Set down nothing but the lines from the one containing "N183GC - Cessna" to the final line of the material, exactly as written, and drop the pictures.

** Source data follows **

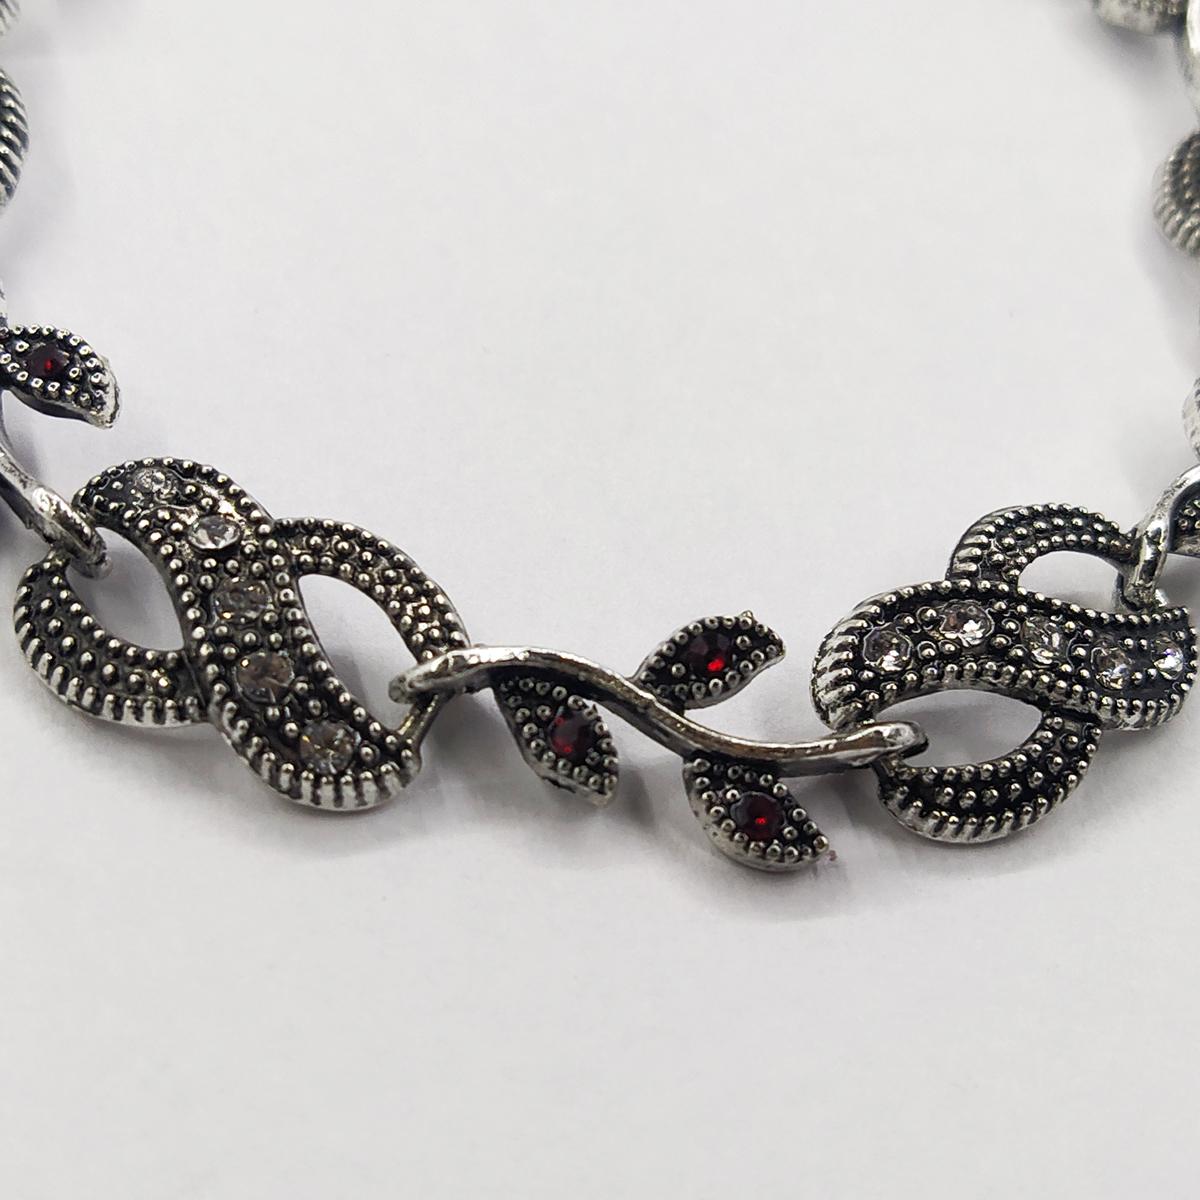 دستبند زنانه سلین کالا مدل برلیان کد ce-As20
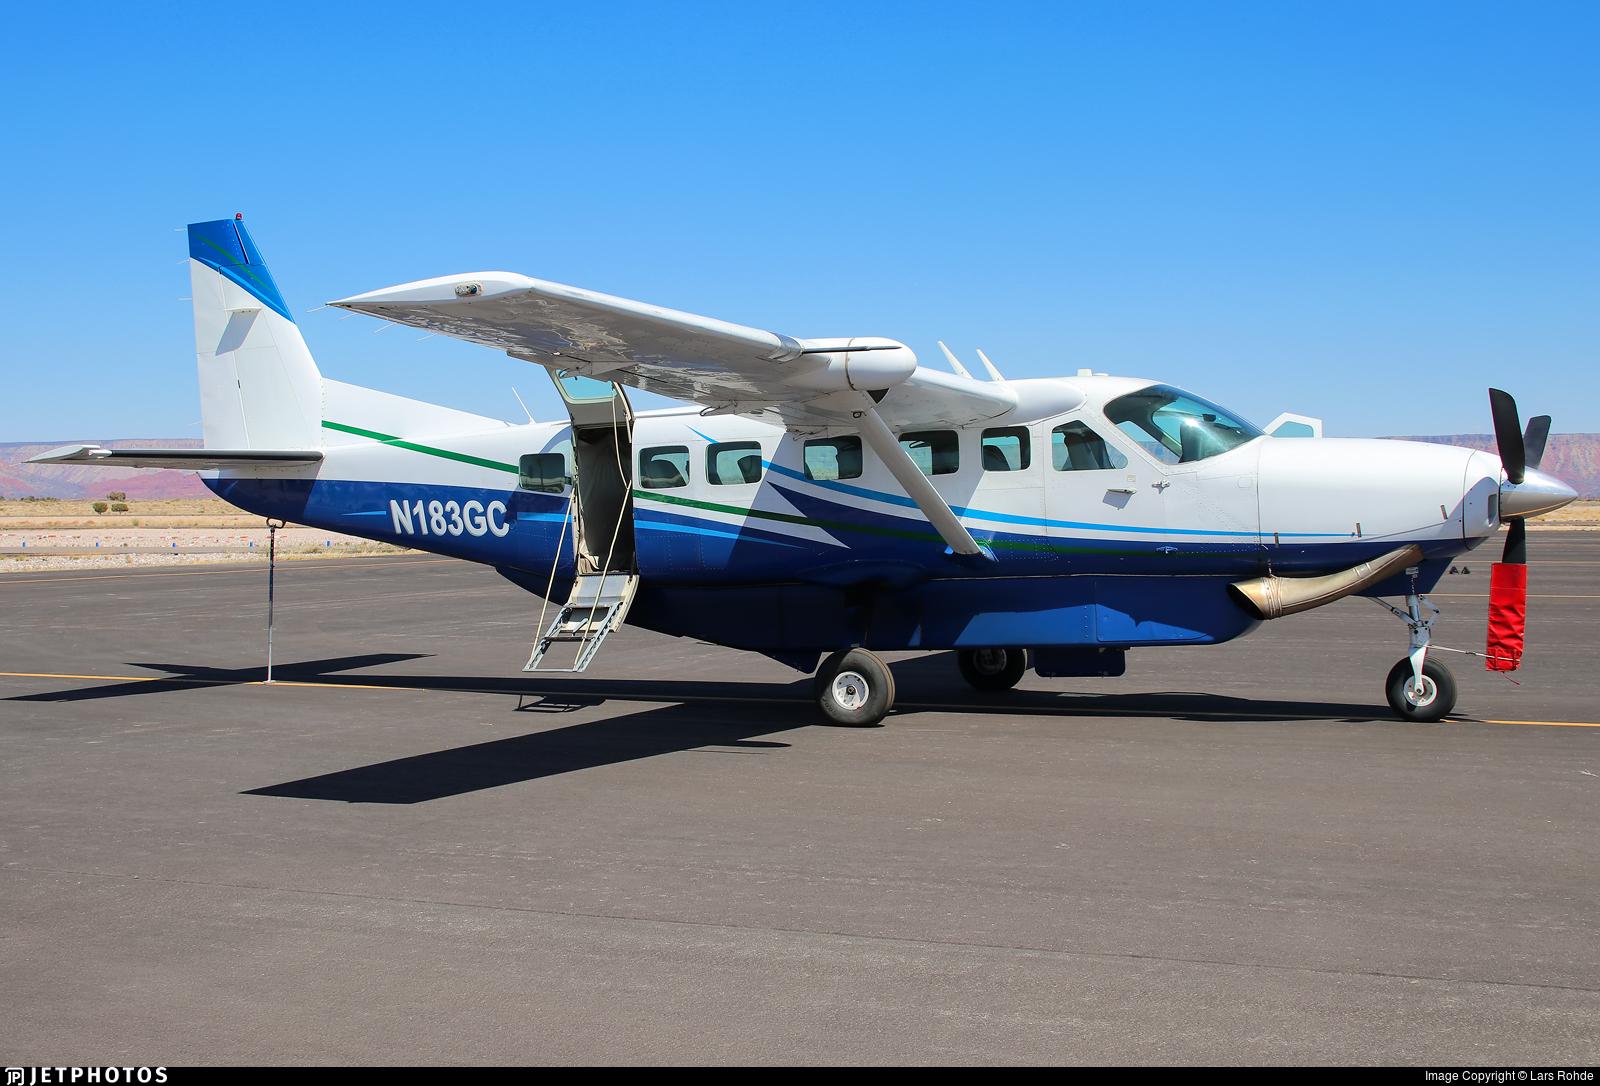 N183GC - Cessna 208B Grand Caravan - Grand Canyon Airlines
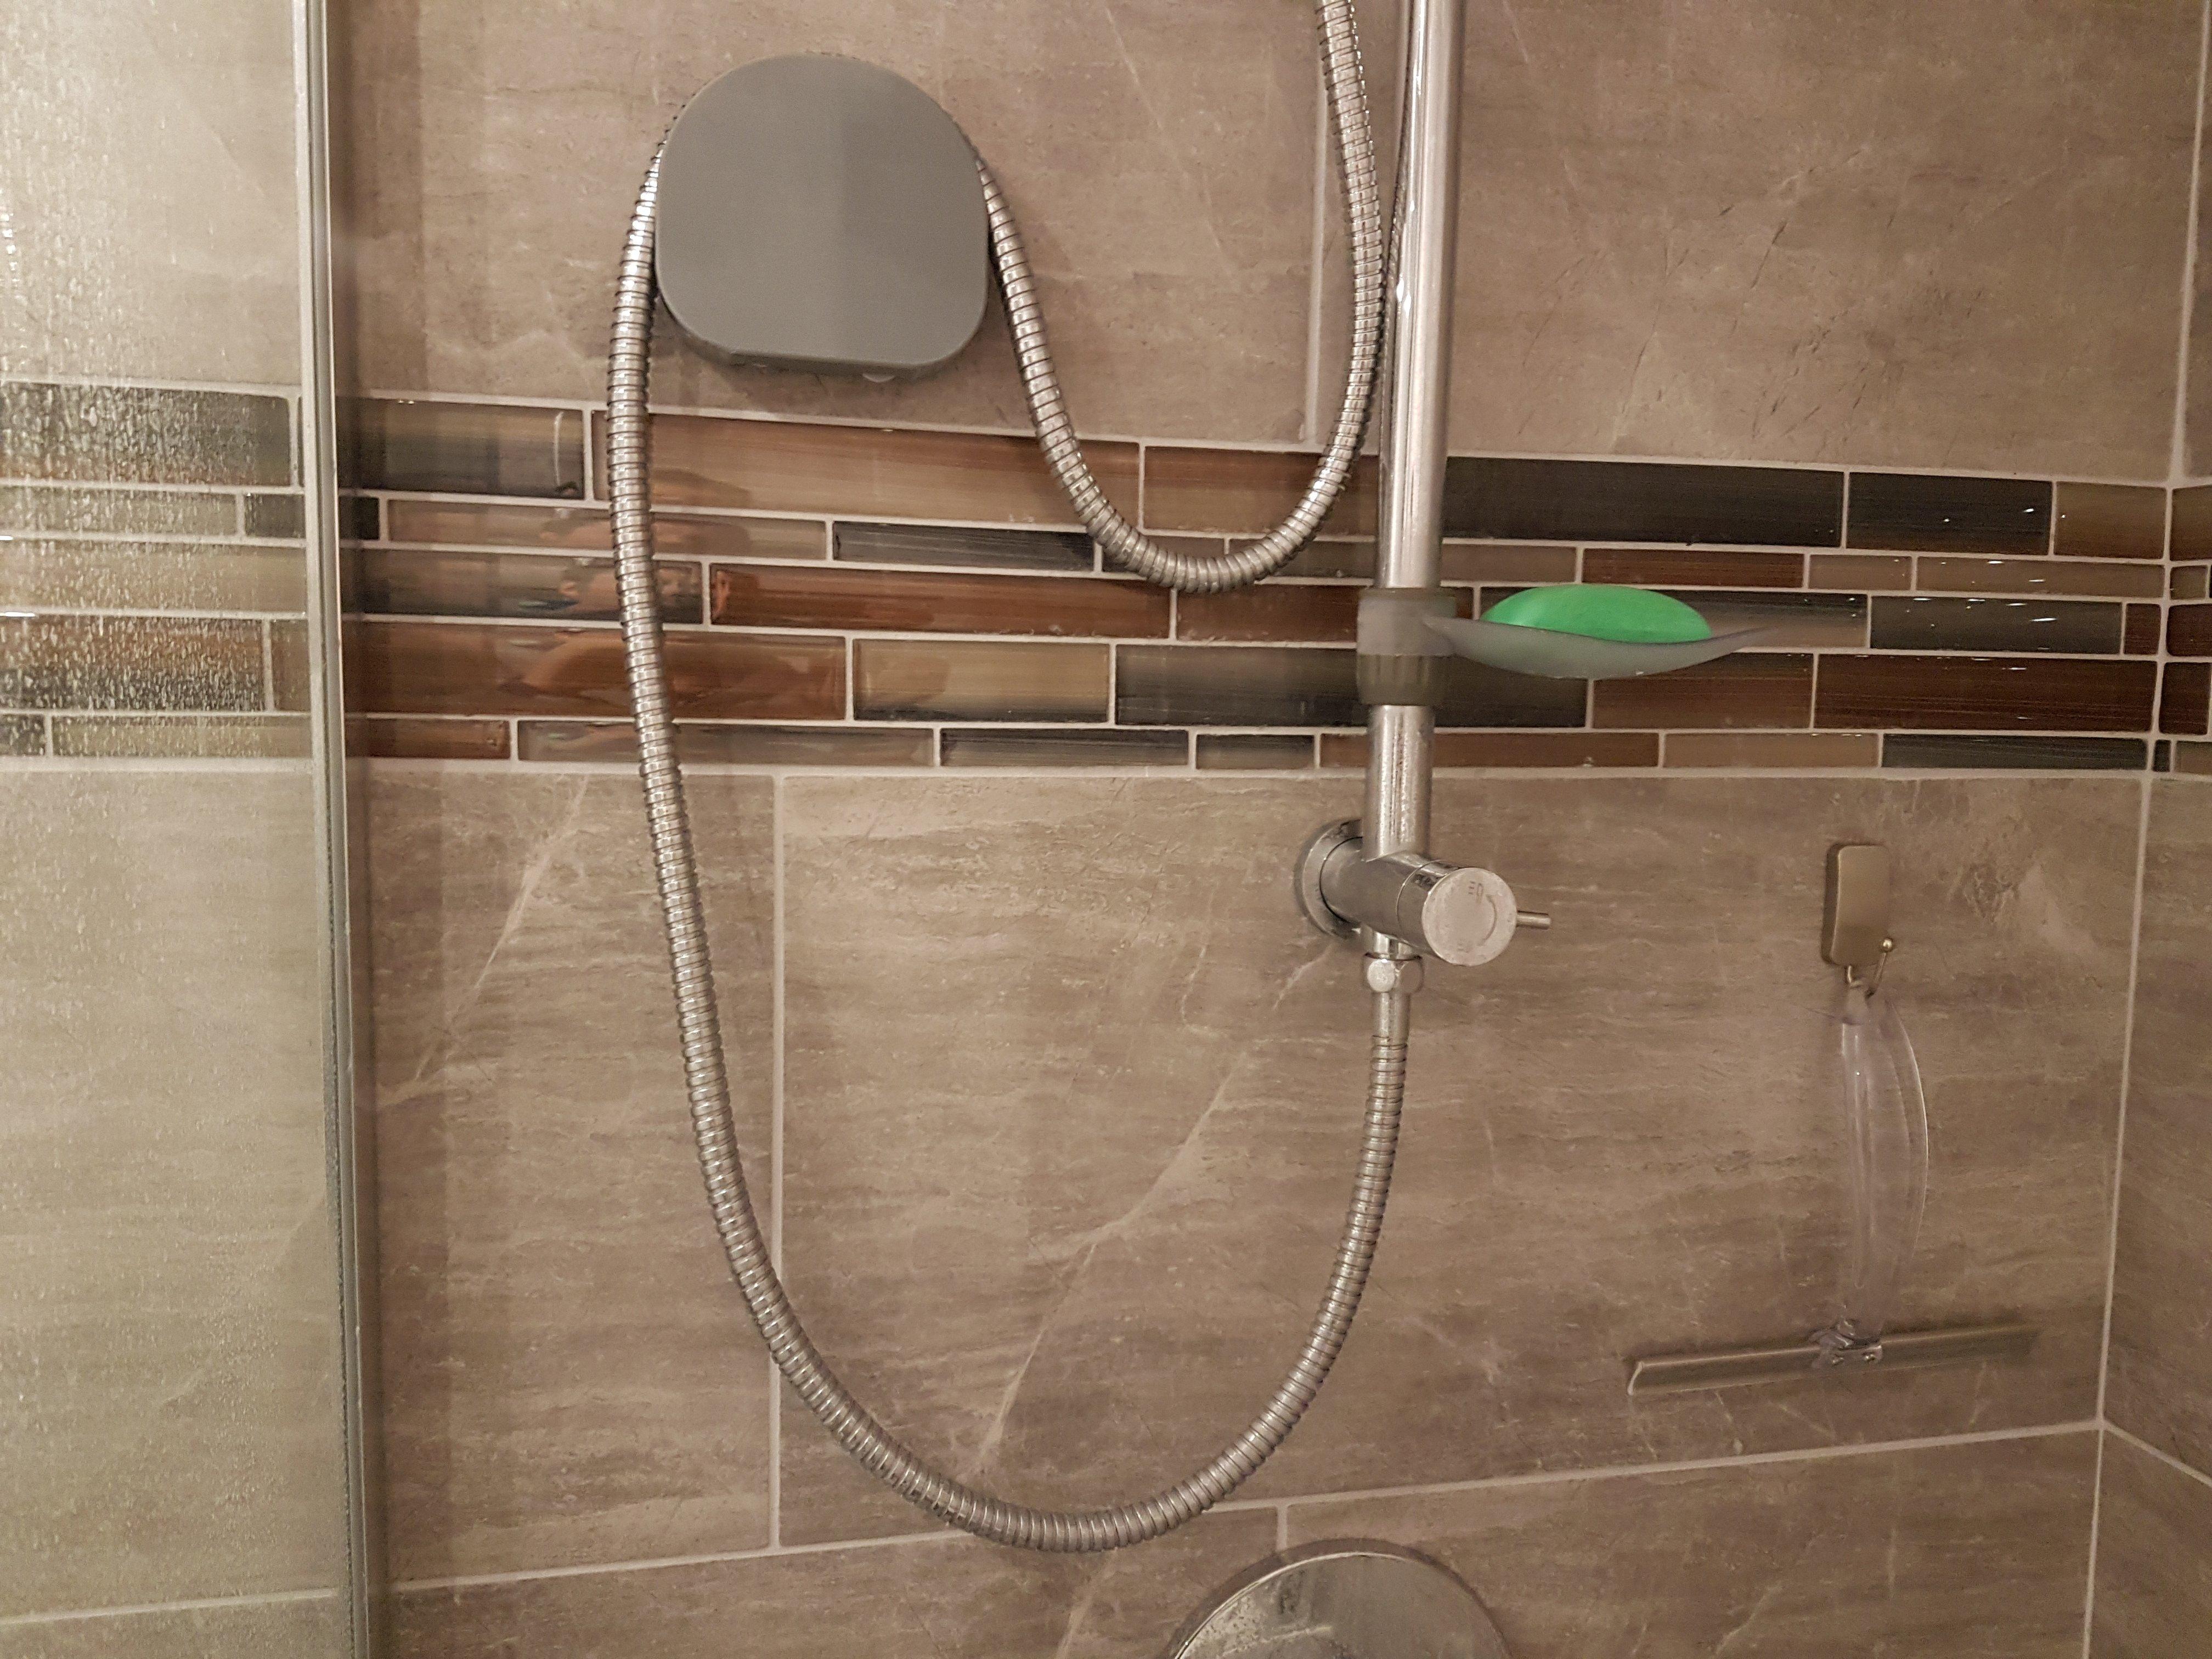 Shower Hose Holder

** End of Source data **

> _Solution for this task_
 N183GC - Cessna 208B Grand Caravan - Grand Canyon Airlines
 Shower Hose Holder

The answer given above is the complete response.